Glamdring nodded his approval, and several warriors approached and stripped the Celt to his loincloth. He would never see his tunic or leggings again. The warrior holding the spear approached Bedwyr purposefully. Bedwyr controlled his fear and his bowels with difficulty, while praying that he would not shame his ancestors.
His head was forcibly drawn back and his chest was exposed. The warrior pressed the red-hot weapon against the flesh above Bedwyr’s right nipple. The flesh smoked and burned.
Except for the involuntary twitching of muscle, Bedwyr forced himself not to move. He had shut his eyes and concentrated on the crucifixion of his Lord Jesu, for if He could suffer such agony without complaint, then so could Bedwyr. Just when the Celt was sure he would scream, the hot metal was withdrawn, and Bedwyr fell to his knees, panting like an animal.
‘Get yourself to the women in the kitchens, Dog. They’ll put salve on my loving little bite. And remember, Dog, that you must be good and do what you are told, or you’ll learn what real pain is.’
For three years now, Bedwyr had done what he was told. Glamdring was his master, but any Saxon could order him to do their bidding.
His beard had grown and, although he tried to keep it trimmed with a blunt blade, it still turned into a ragged, matted bush. His hair was filthy and knotted although, when circumstances permitted, he would stand in the rivulet below Caer Fyrddin and allow the rushing water to cleanse his body.
In the months and years that followed his capture, Bedwyr’s flesh became meagre and whipcord strong. His muscles developed in response to the unceasing physical labour, and his clear eyes appeared downcast and deceptively docile. In the eyes of Glamdring’s warriors and his women, Dog was a halfwit. Only the other house servants knew that Bedwyr was still alive within Dog’s scarred body. Occasionally, in passing, he would murmur encouragement to a fellow slave, or exchange information culled from his duties in the great hall that he cleaned as vigorously as the Saxons would allow. He assisted the mastiff bitches to whelp, and the great, shaggy beasts loved him, especially one young male whom he called Wind because of its wiry grey coat.

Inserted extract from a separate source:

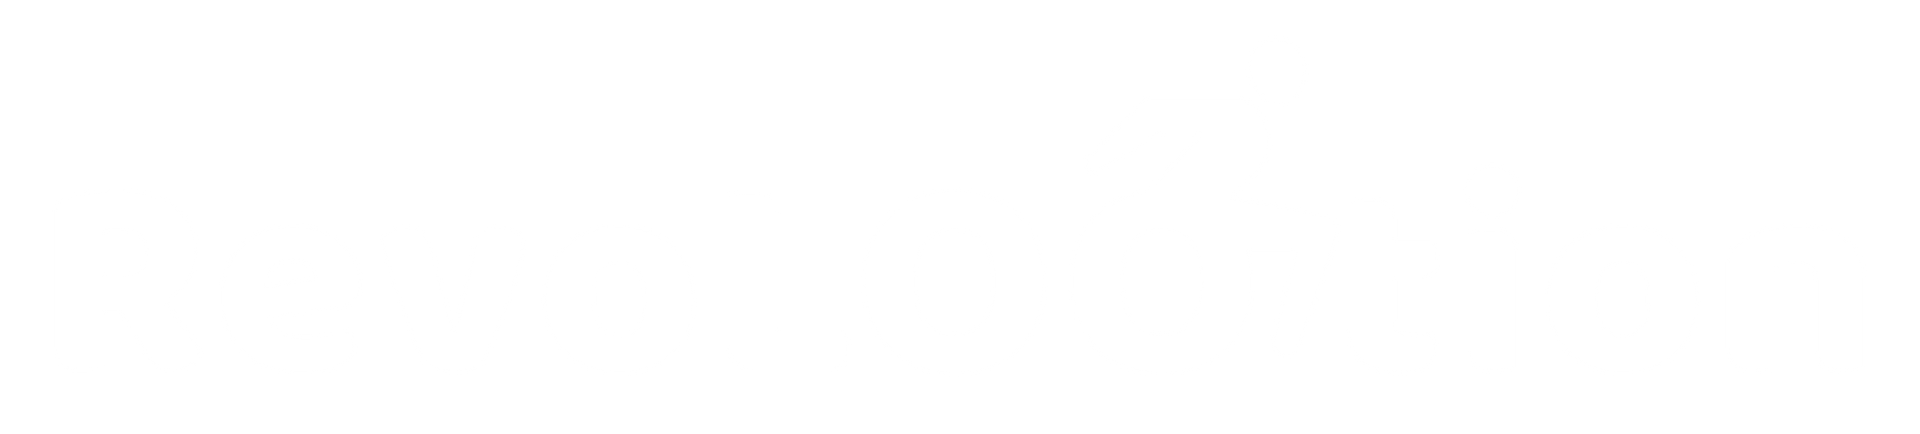 RevoLootion Logo White

The hall was Bedwyr’s direct responsibility, and it was filthy. How the Saxons avoided pestilence defied reason, but perhaps even disease refused to take root among them. But Bedwyr intended to live and revenge himself on his captors, so he kept himself as clean as possible and took care of any cuts or bruises lest they fester and rot. One of Glamdring’s women, less cruel than her sisters, had given him a salve for his burn which he kept carefully and used for many months till the wound healed. He ate whenever he could steal food, even from the hounds and, despite a vague feeling of guilt, never shared with his fellow slaves. For Bedwyr, survival was everything.

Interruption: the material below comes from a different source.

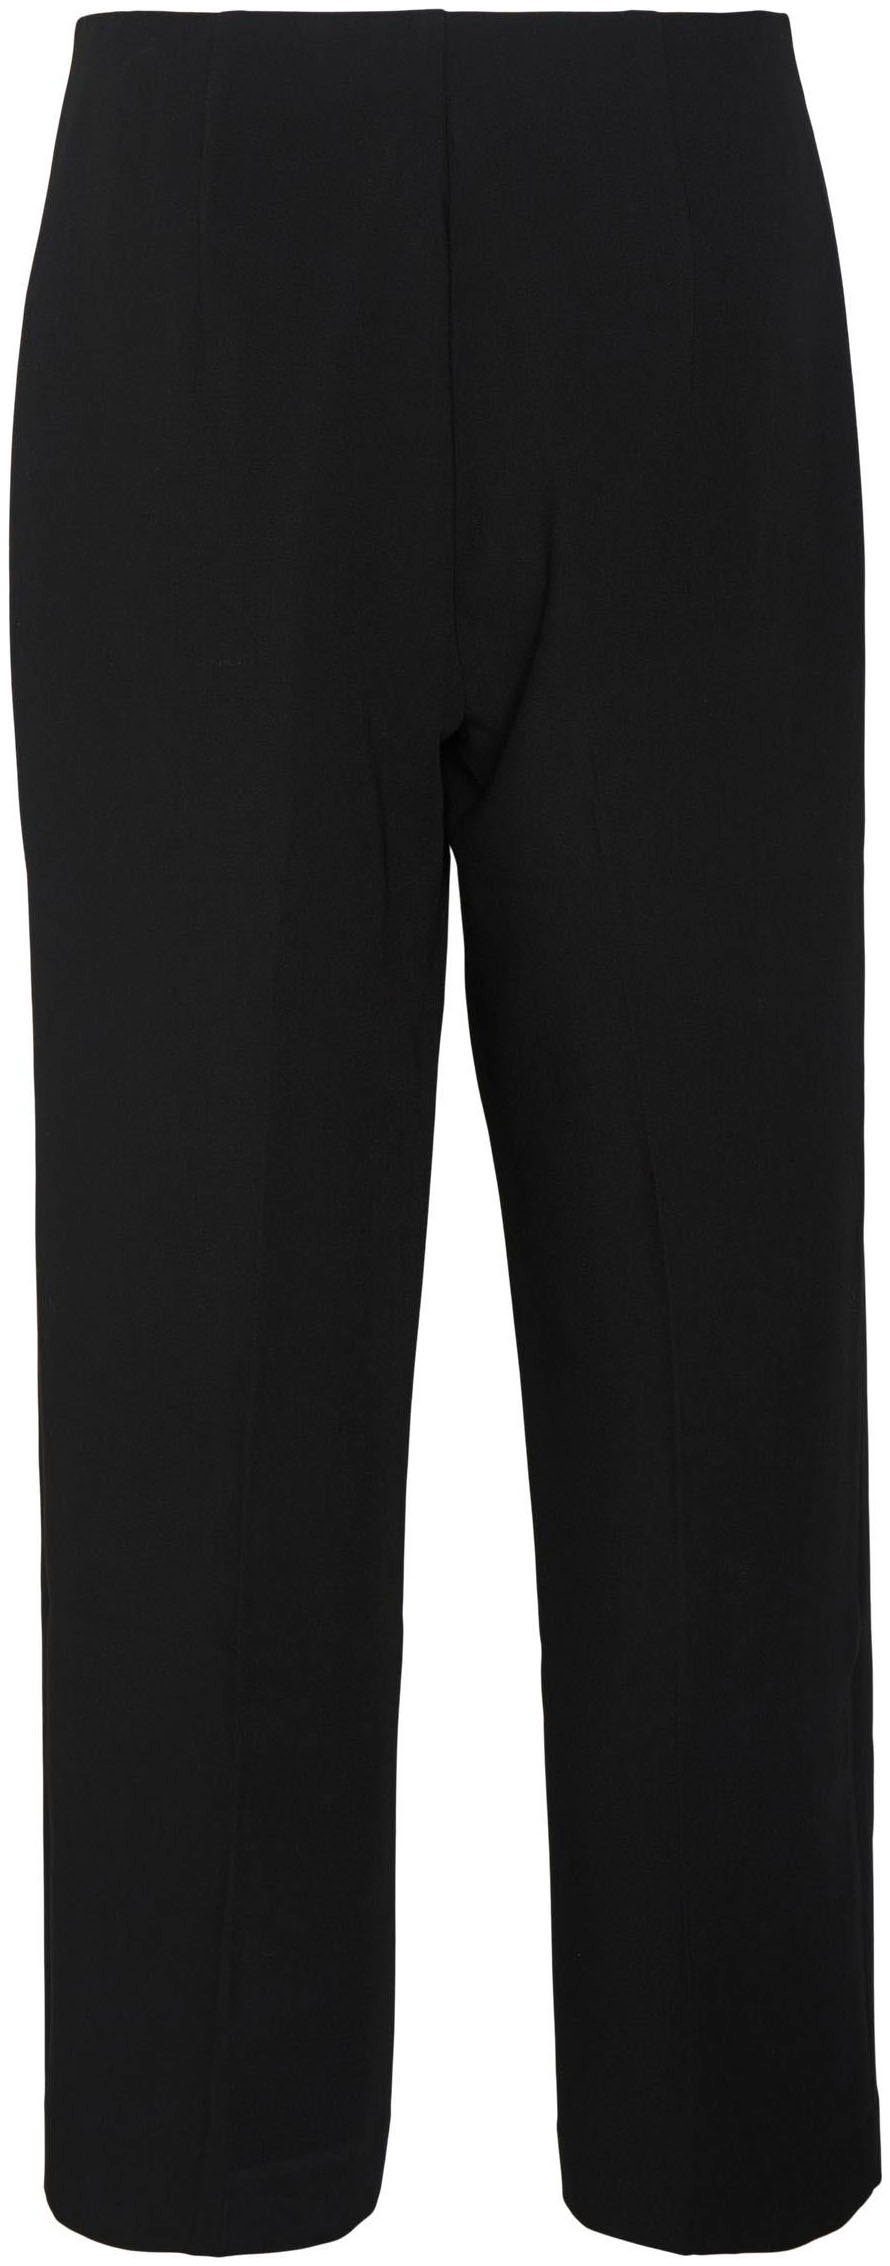 PANT STRAIGHT NOOS Moda ANKLE Anzughose VMSANDY mit Stretch Black HW Vero

As the years of pain and degradation passed, Bedwyr’s faith began to die. The holy child of Christianity had sustained him on his journey to the fortress, but the darker gods of war salvaged his pride and strengthened his grip on life. In Bedwyr’s jaundiced opinion, acceptance of suffering as a route to Paradise was a foolish affectation. Revenge kept him breathing, and the hope that Ironfist would one day die at his hands allowed the Cornovii to endure every indignity that was heaped on him to break his spirit. His Christian values were not dead but they had merged with older, hardened beliefs that gave him a fragile reason to remain sane.
Over time, the Saxon chief scarcely noticed his daft servant with the insulting name of Dog. The slave was a familiar possession, like his favourite ale cup, which had become worn to the shape of his hand.
Now, as Bedwyr piled wooden trenchers into a wicker basket and rubbed the scarred surface of the table with a grimy scrap of cloth, a Saxon courier pounded on the gates of the fortress. Passwords were exchanged, and the messenger slid into the dark confines of the caer like an eel. Quickly, he was brought into the presence of the Saxon king. Since his capture, Bedwyr had become quite fluent in the Saxon language, but as he was rarely permitted to speak, Glamdring never considered that his slave had ears to hear, or a mouth to pass on secrets.